Desembargador afastado do TJ-MG vai receber salário integral pelo período em que estiver sendo investigado
Apesar de afastado das funções no Tribunal de Justiça de Minas Gerais, o desembargador Magid Nauef Láuar continua recebendo o salário integral mínimo de R$ 41.845,49 , que é o salário base do cargo.
O recebimento do subsídio integral é garantido em uma resolução do CNJ - Conselho Nacional de Justiça -, que afirma que os tribunais, ao instaurarem o processo administrativo disciplinar, podem decidir sobre o afastamento do cargo do magistrado até a decisão final, ou pelo por prazo necesário, "assegurado o subsídio integral".
Em nota, o TJMG disse que, durante o afastamento do desembargador, será convocado um magistrado de primeiro grau para substituí-lo na relatoria dos processos e na atuação na 9ª Câmara Criminal, para a continuidade dos julgamentos.

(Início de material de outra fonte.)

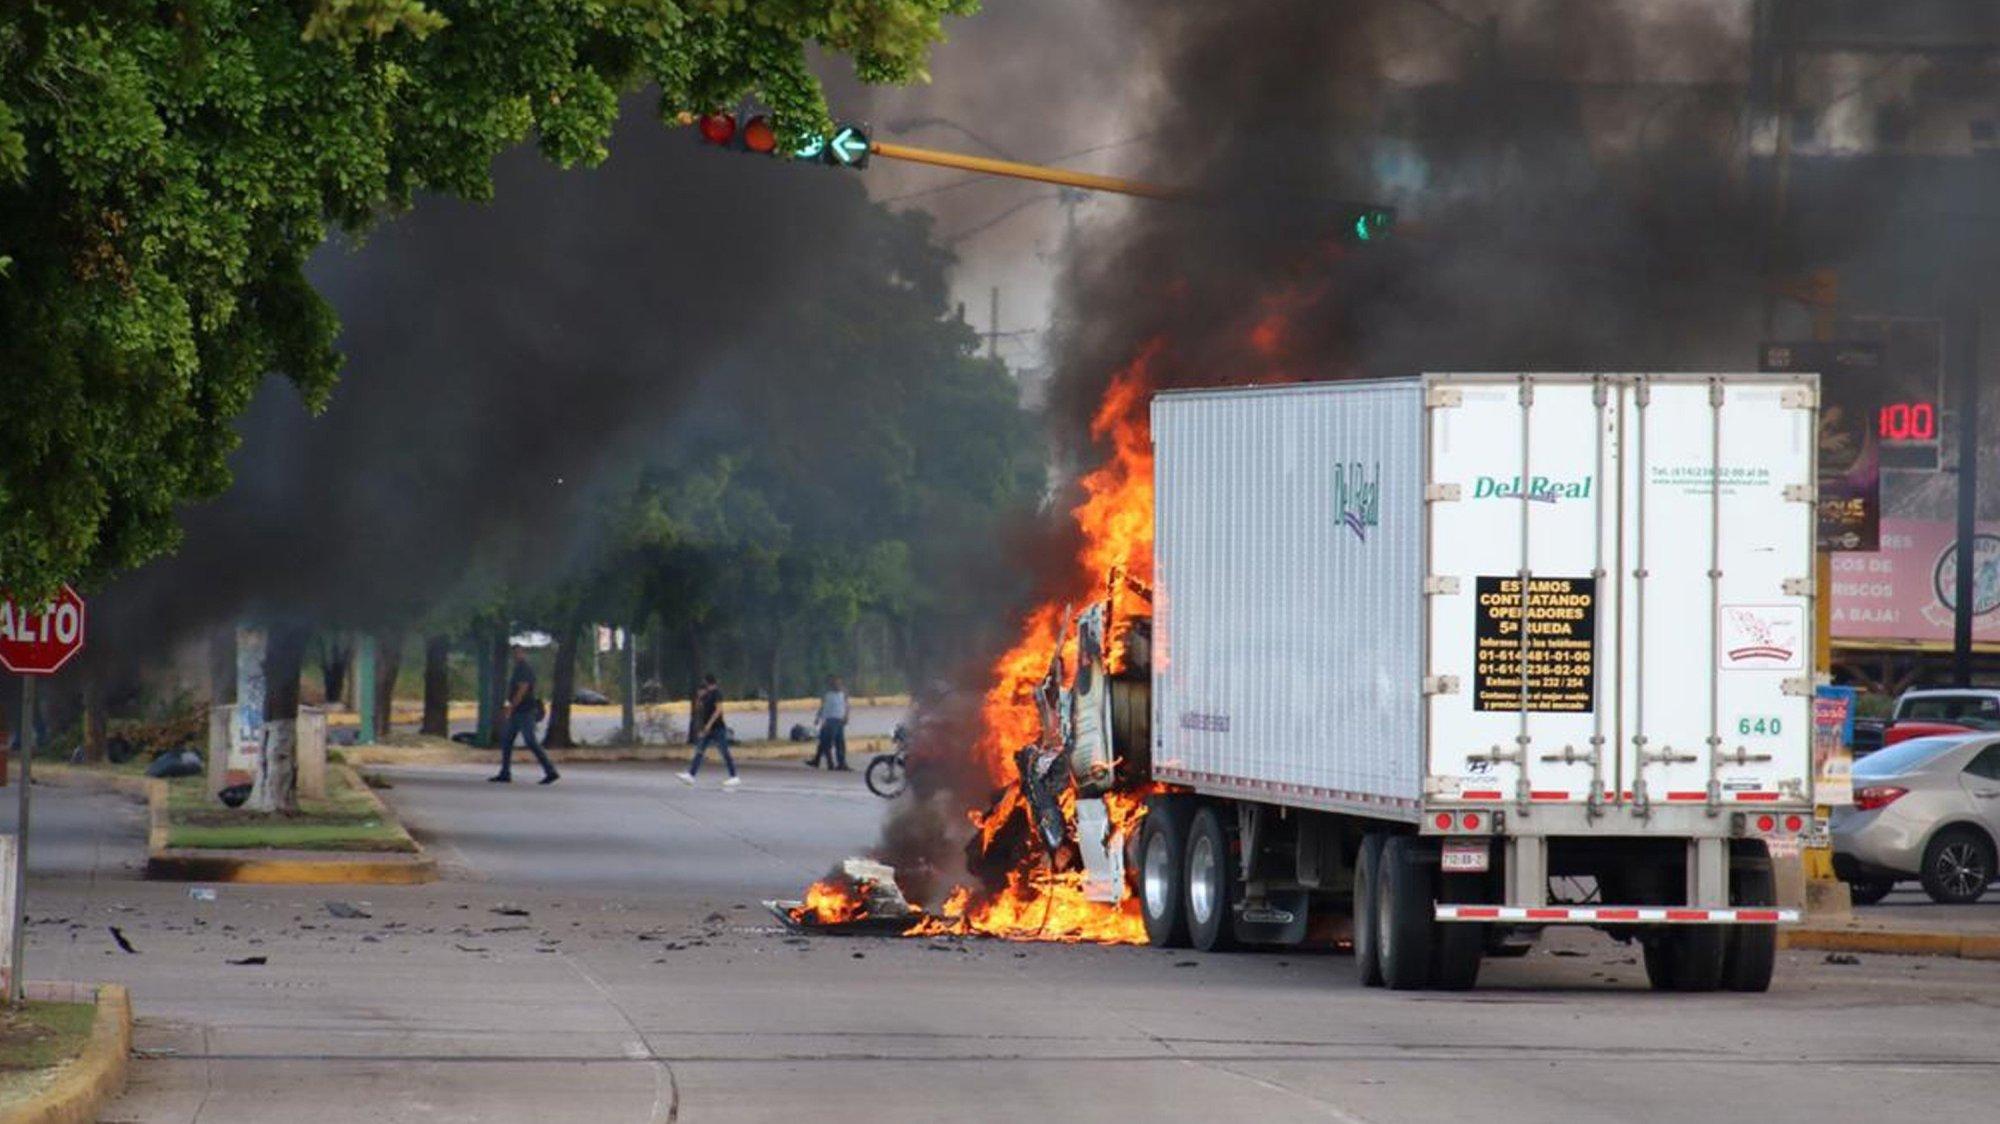 A truck burns in a Culiacan street during Thursday's battle.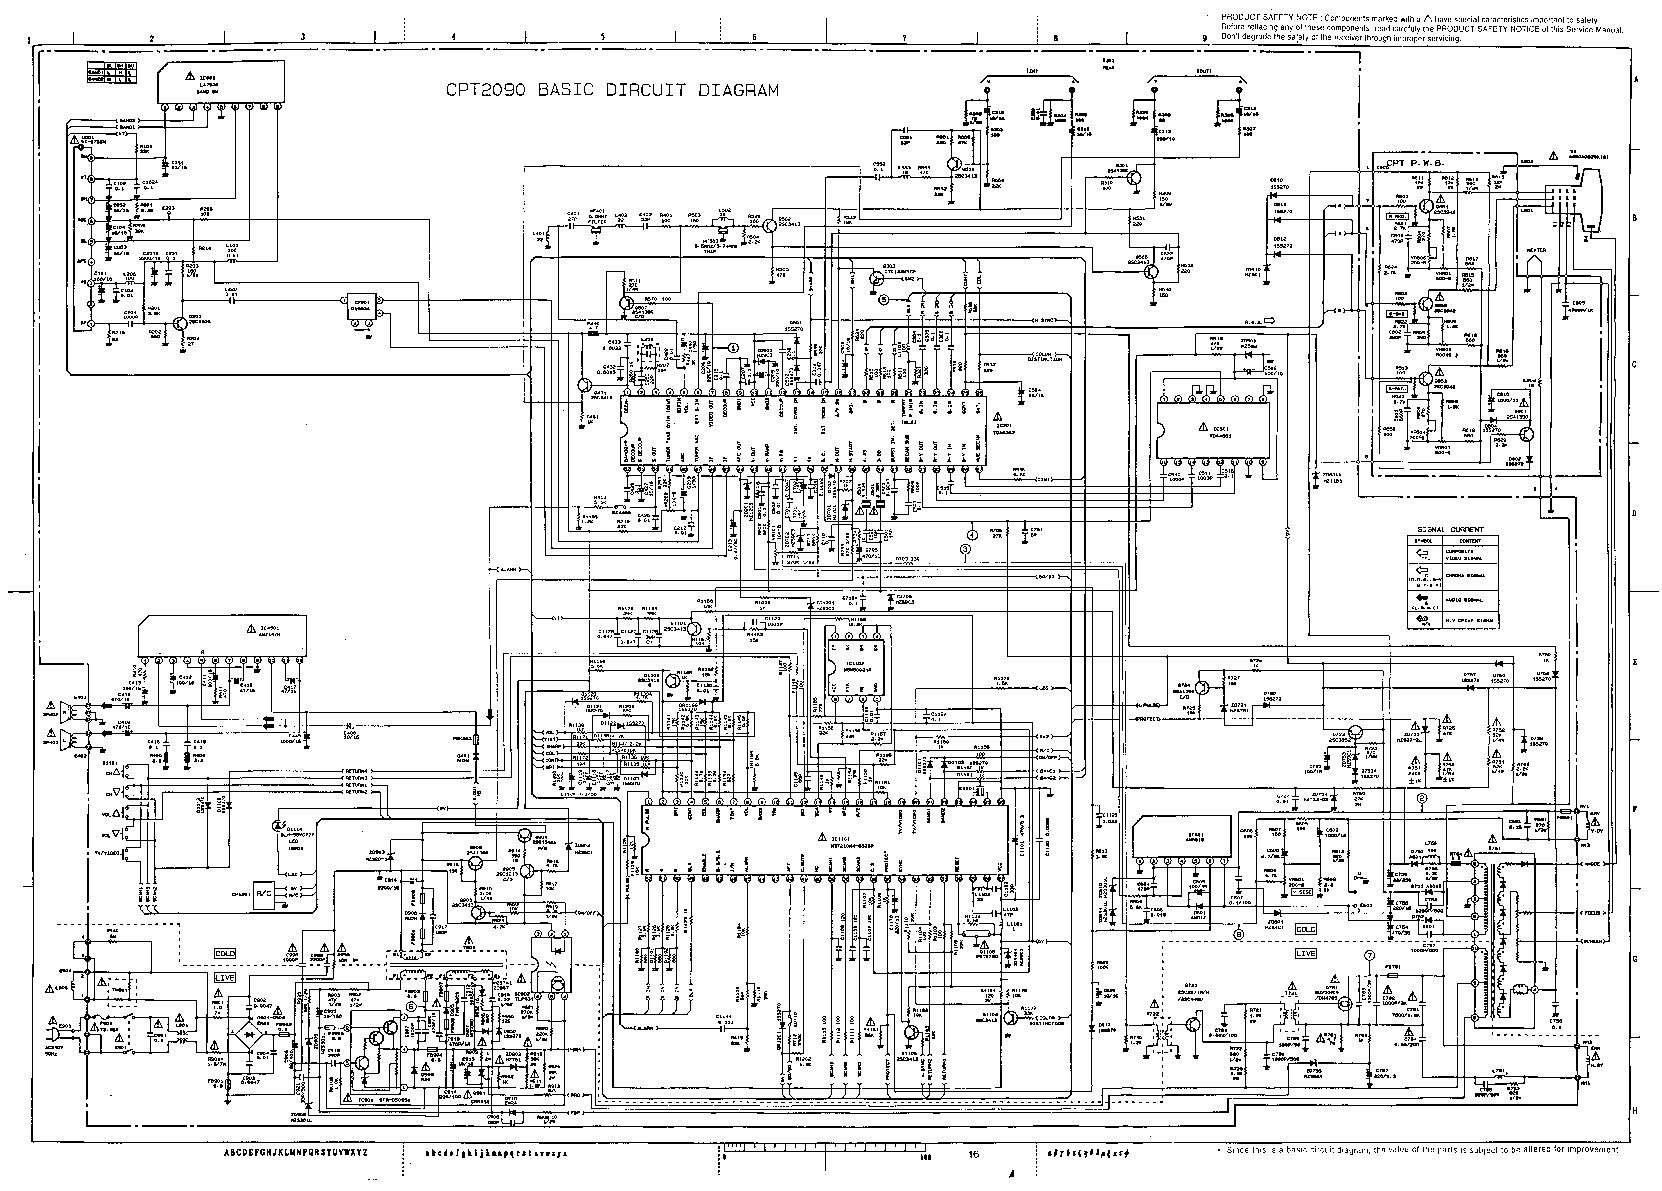 jvc tv diagram jvc free engine image for user manual. Black Bedroom Furniture Sets. Home Design Ideas

Láuar foi afastado por determinação do CNJ, que apurou cinco denúnicas de abuso sexual contra ele. O Conselho disse que parte dos crimes foi praticada durante o período em que o desembargador atuou como juiz nas comarcas de Ouro Preto, na região central de Minas, e em Betim, na região metropolitana de Belo Horizonte.
Ainda conforme o CNJ, parte das denúncias já prescreveu por que os abusos ocorreram há bastente tempo. Ainda assim, foram identificados fatos mais recentes, ainda passíveis de punição, que permitiram o prosseguimento das apurações.
Láuar foi relator de um julgamento que absolveu um homem de 35 anos, acusado de estupro de uma menina de 12. O desembargador entendeu que o réu e a vítima tinham um "vínculo afetivo consensual" e reverteu a sentença de primeira instância que havia condenado o suspeito a nove anos e quatro meses de prisão. Depois de recurso do Ministério Público Minas e com a pressão da opinião pública, o magistrado voltou atrás e restituiu a condenção em decisão na quarta-feira.
Com a nova sentença, Láuar determinou a prisão do homem e da mãe da menina, que também foi condenada no processo. Os dois foram detidos em Indianópolis, no Triângulo Mineiro. A garota está sob a guarda legal do pai.
A última decisão será avaliada pela 9ª Câmara Criminal em sessão marcada para a próxima quarta-feira.